The Changing Climate of Resilience in Software

December 10, 2019

Resilience Engineering, often shortened to RE, is heating up.

Practitioners are clamoring for "what's next" in the field of incident management and wrangling the complex systems which our society increasingly relies on in big, small, and surprising ways. Tracks on RE and related topics at well-established industry conferences, community watering holes (like this one), and even an industry conference devoted entirely to RE all point to a growing curiosity in Resilience Engineering's concepts from the software development and operations field. 

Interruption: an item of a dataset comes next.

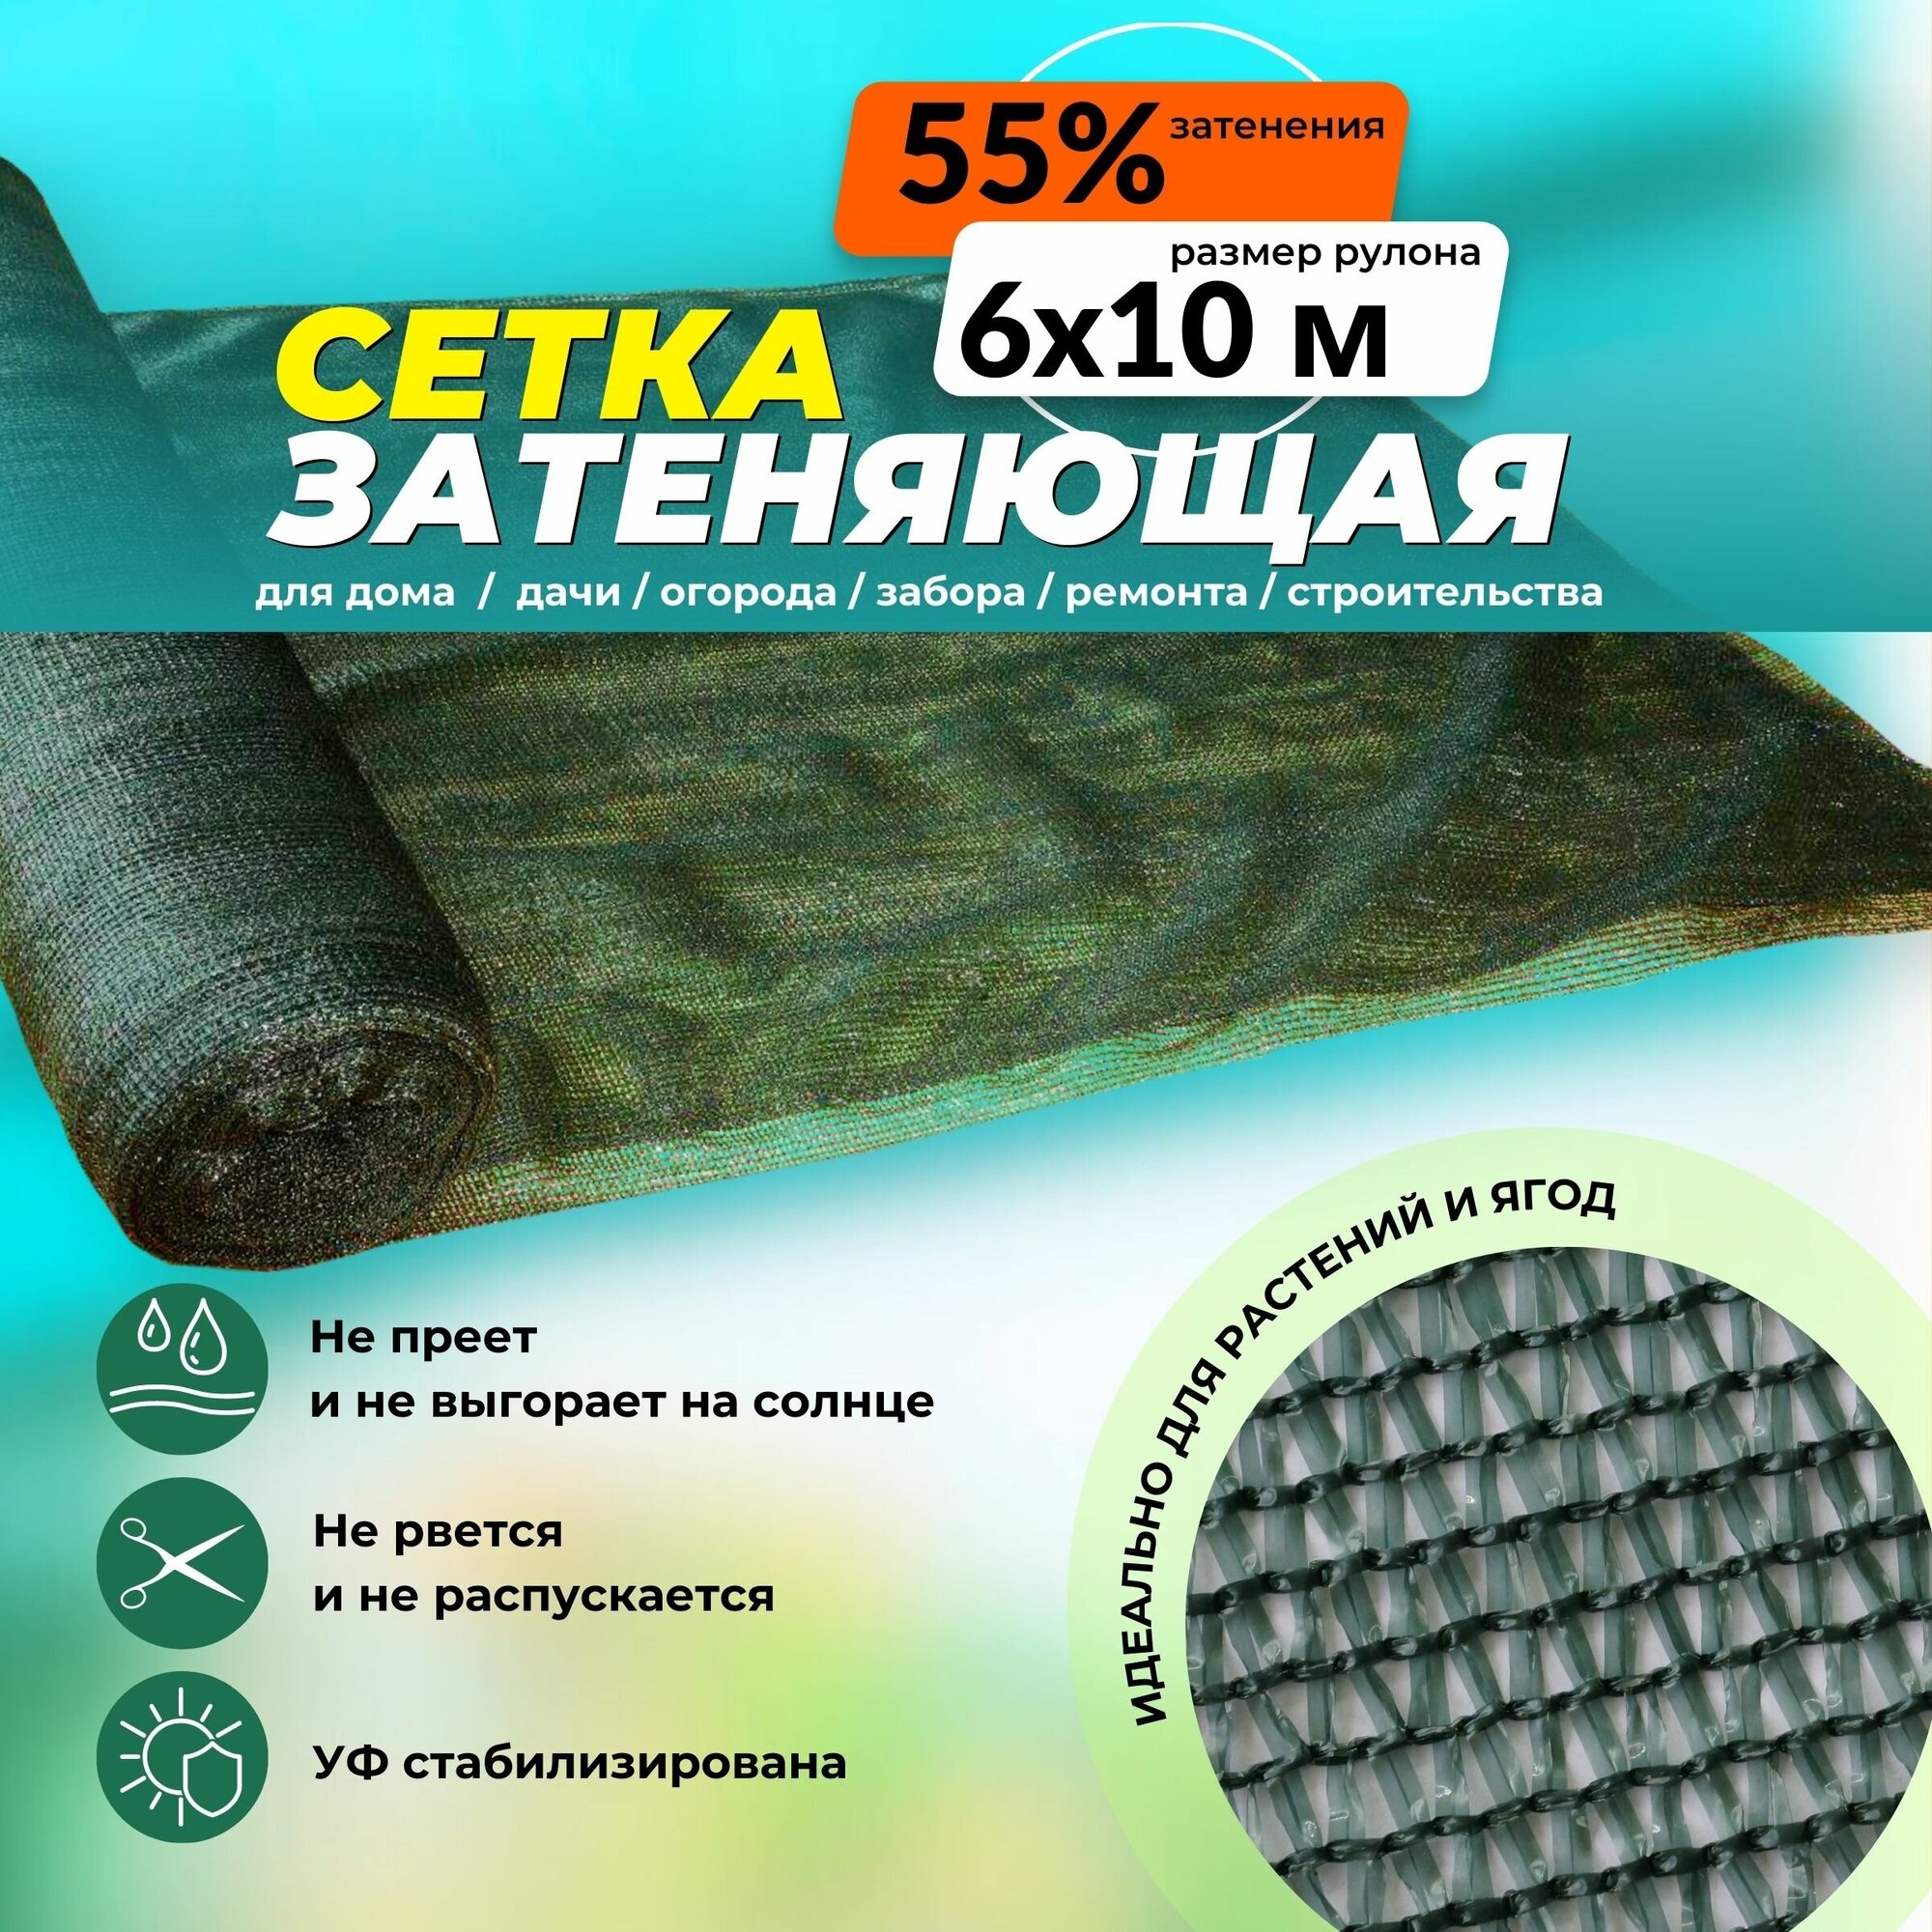 Сетка затеняющая зеленая 50% Промышленник 6х10 м

Despite this interest, full-on adoption of Resilience Engineering's principles in the practice of developing and operating large software systems remains relatively nascent. This reality presents RE proponents with an interesting question: if there's demonstrable interest in exploring how the cultivation of Resilience can benefit day-to-day work and materially improve outcomes, then why is that adoption still fledgling? In a recent chat about this dichotomy, an RE colleague mused that Resilience Engineering adoption felt not unlike the challenges facing us in another domain: global climate change.

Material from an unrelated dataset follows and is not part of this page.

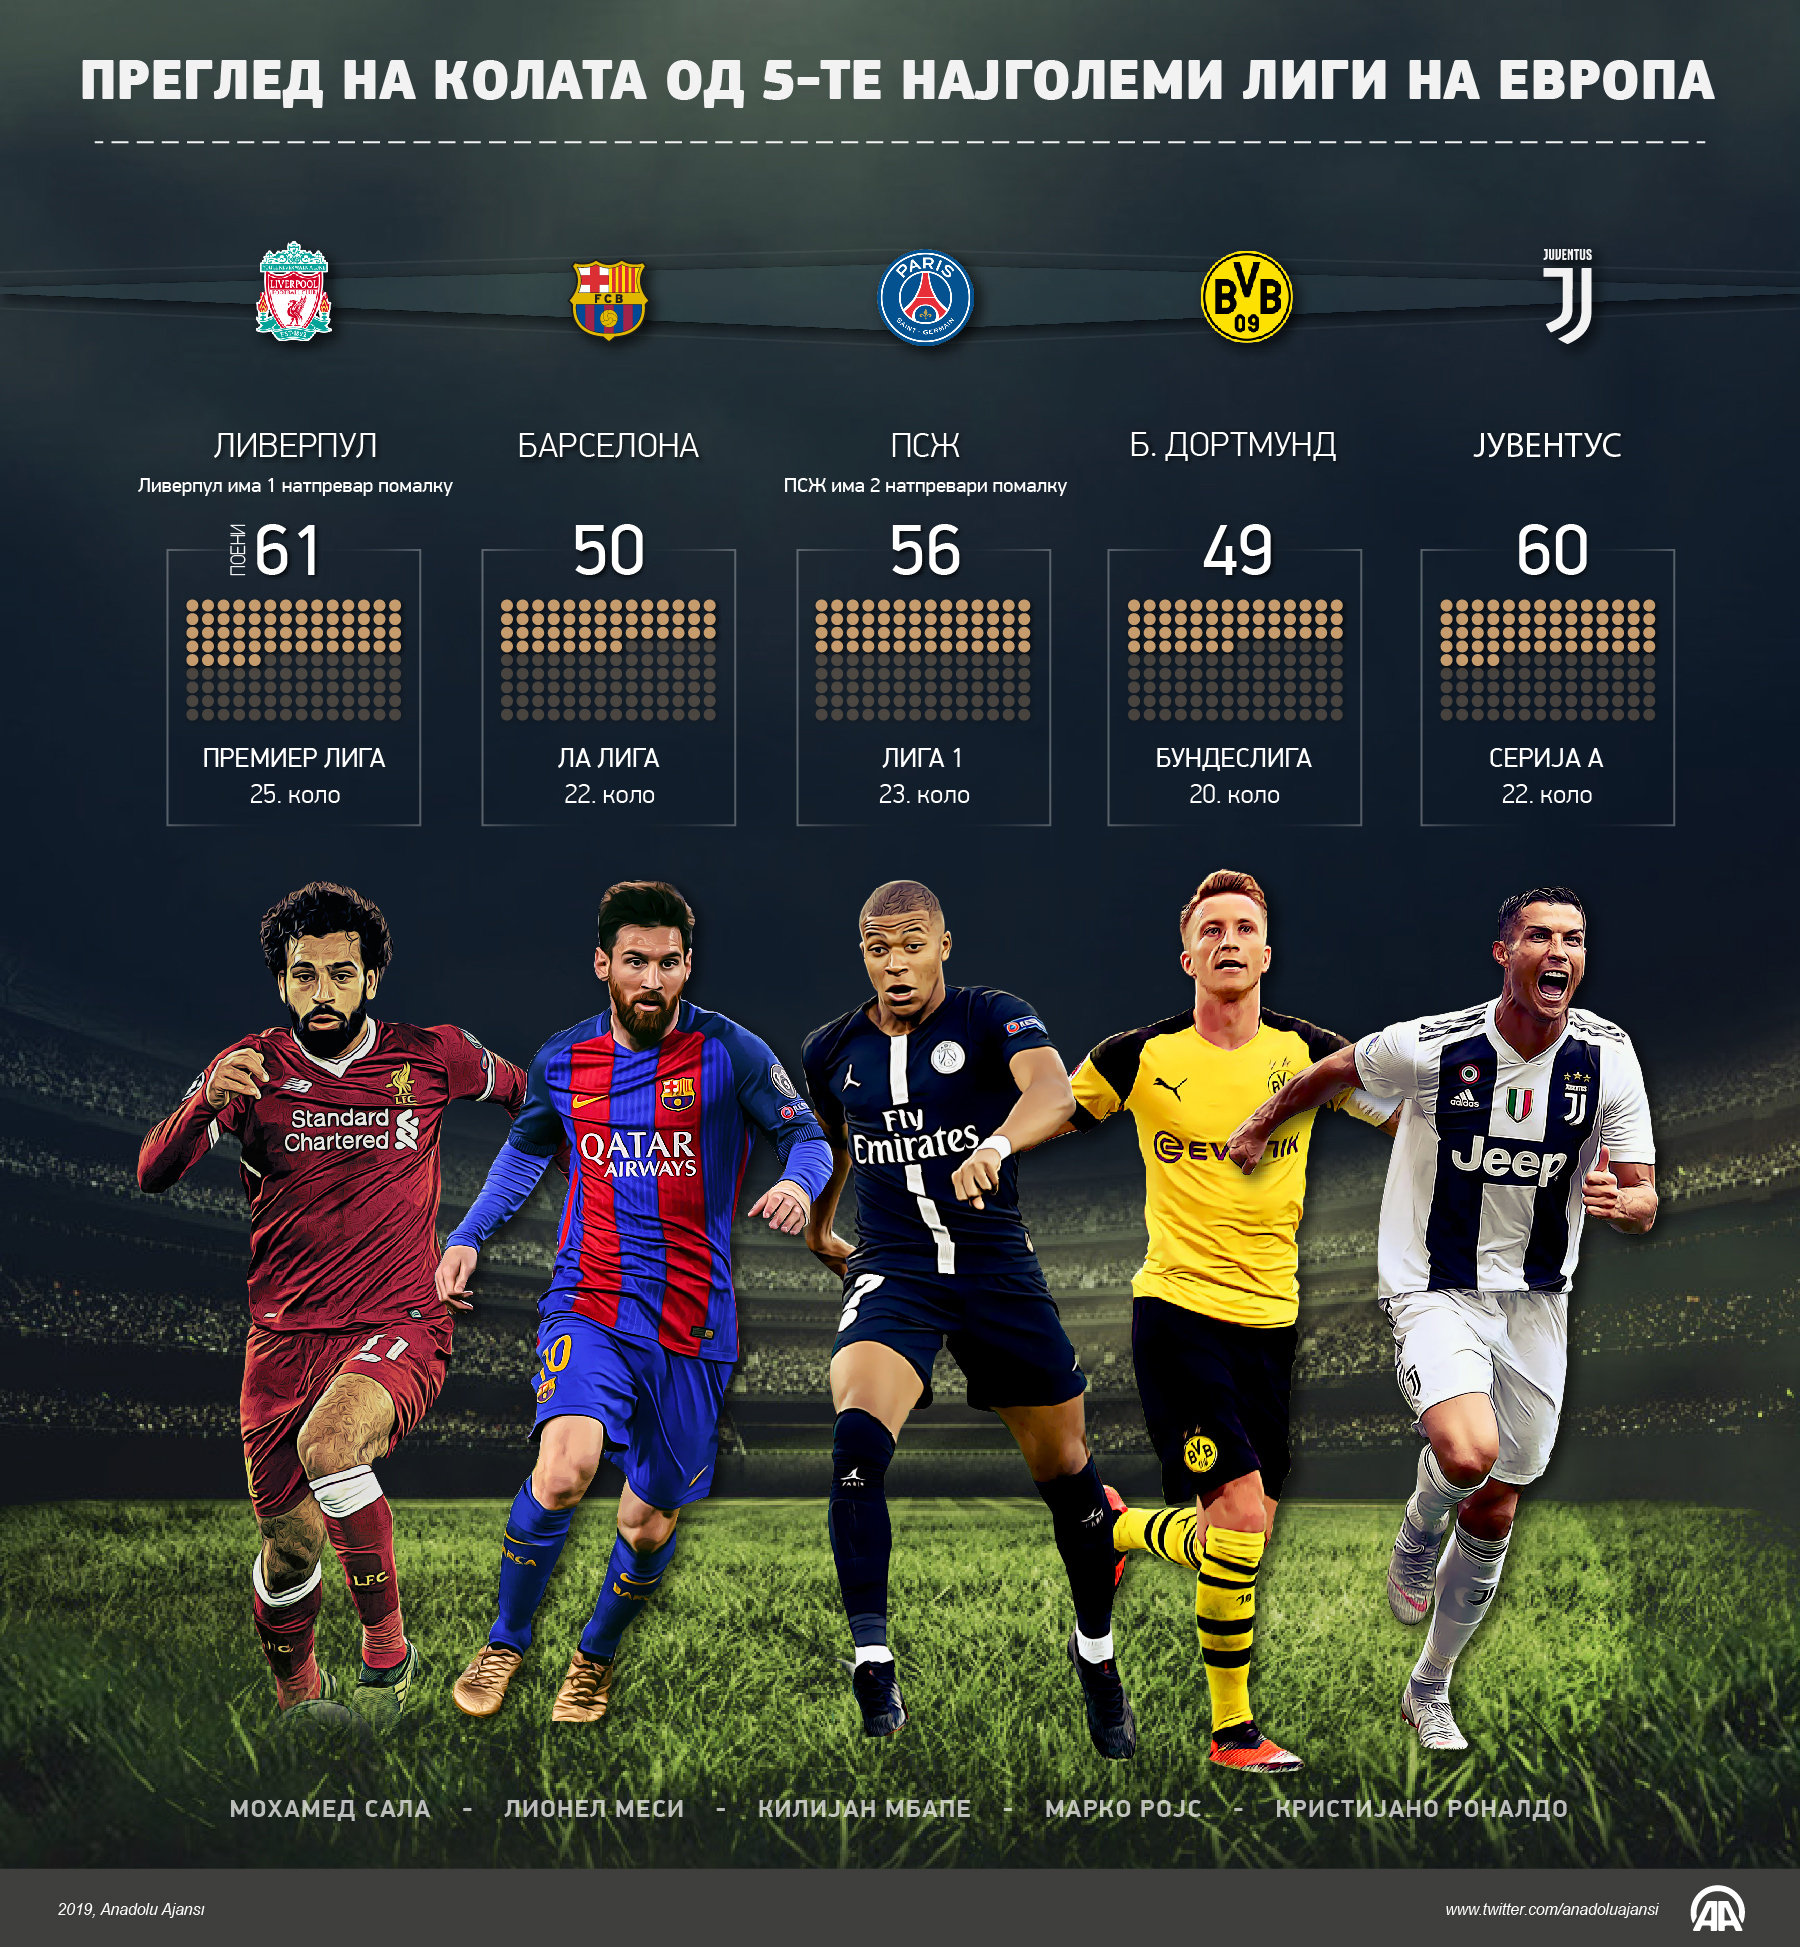 Преглед на колата од 5-те најголеми фудбалски лиги на Европа

The claim may, at first blush, sound a bit sensational. But addressing climate change in any coherent, sustainable way shares many of the same challenges we face when arguing that cultivating Resilient practices offers our industry a tool to deal with some of its thorniest challenges:

  • Winning Friends and Influencing People. Many people's initial interactions with the Resilience Engineering community can be, for lack of a better word, off-putting.

    We rail against root cause. (And the mere utterance of those words!) We tell you to stop—stop, stop, stop, and stop—using Five Why's. We criticize the way many hold their incident retrospectives ("You use it to come up with remediation items? How quaint...") We nag about blame, even when established, reasonable cultural norms have clearly been violated. In short, our initial conversations with many developers, operations engineers, and managers can solely appear to be a treatise on what they're doing wrong with their lives... at least if they want to live a Resilient one.

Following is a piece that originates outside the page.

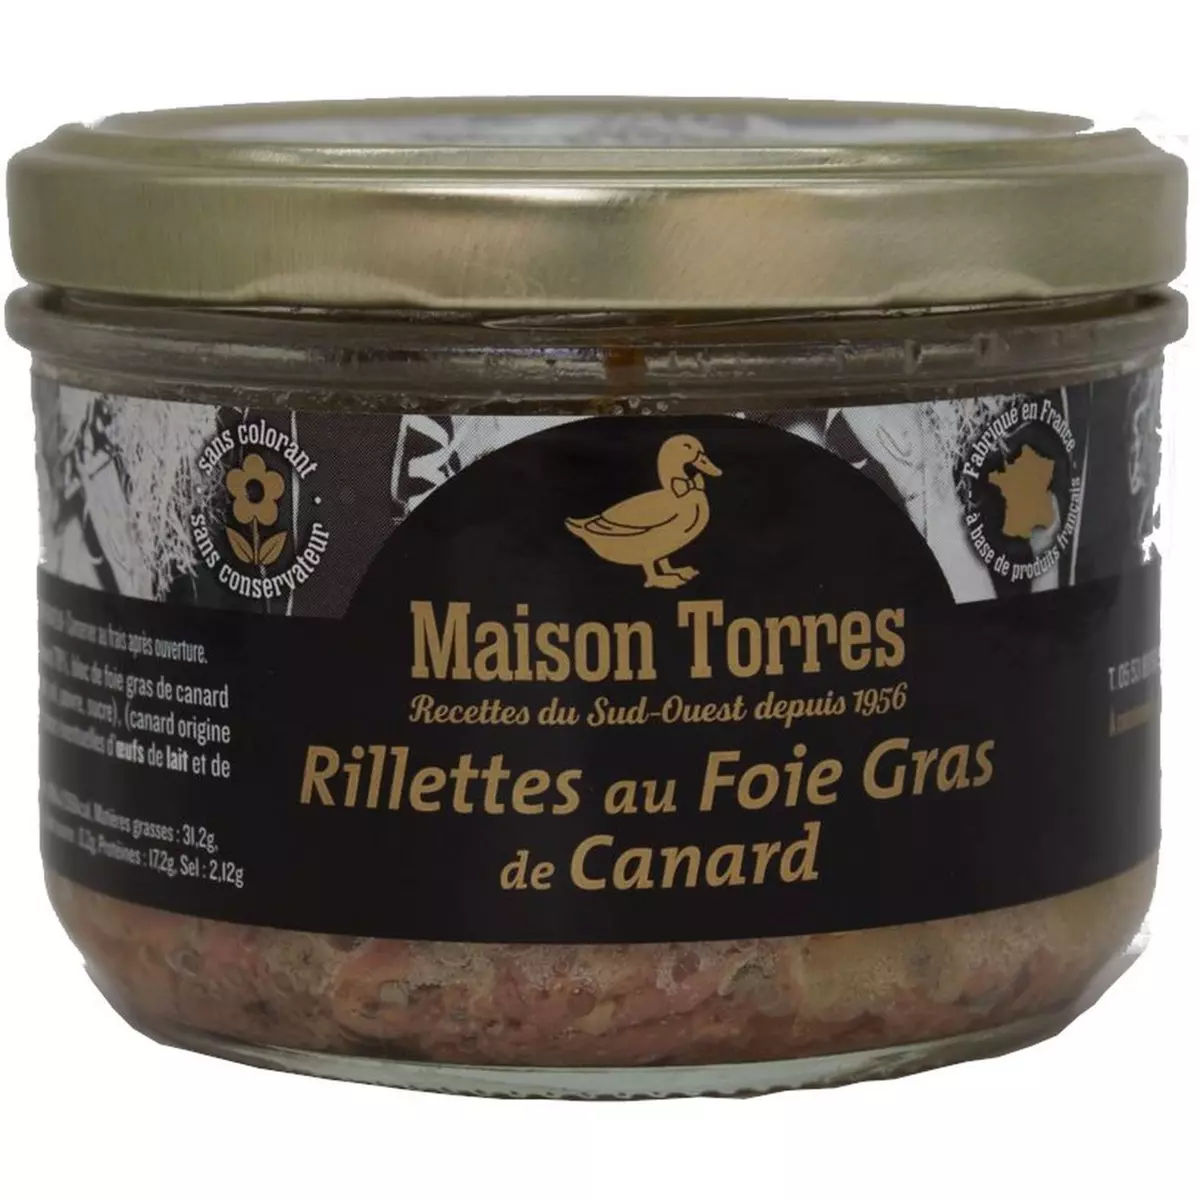 MAISON TORRES Rillettes au Foie Gras de Canard 180g

    This is not an unfamiliar challenge to climate change activists: their early messaging also often came across as "Everything you're doing in your life is wrong." Drive a car? You're wrecking the planet. Eat a hamburger. You're choking the atmosphere with cow belches. Use a plastic... anything? You monster.

    This is an important dynamic to recognize precisely because while the science may support both those climate activists and us RE proponents, the entirety of our initial message can feel like a pretty visceral, context-free attack on how others lived their lives or conducted their careers. And while we may not be wrong, those initial impressions matter... and ours can be harsh to confront without feeling at least a little bit insulted or frustrated.
  • Demonstrating the Dividends. Many of the investments Resilience Engineering asks organizations, teams, and individuals to make are expensive, certainly in terms of expended time, but often monetarily too. Of course, set in the context of helping to prevent multi-million dollar outages, the investment is a sound one... over the long term. But in the context of day-to-day operations or lines on a headcount budget spreadsheet, the soundness of that investment isn’t always immediately obvious.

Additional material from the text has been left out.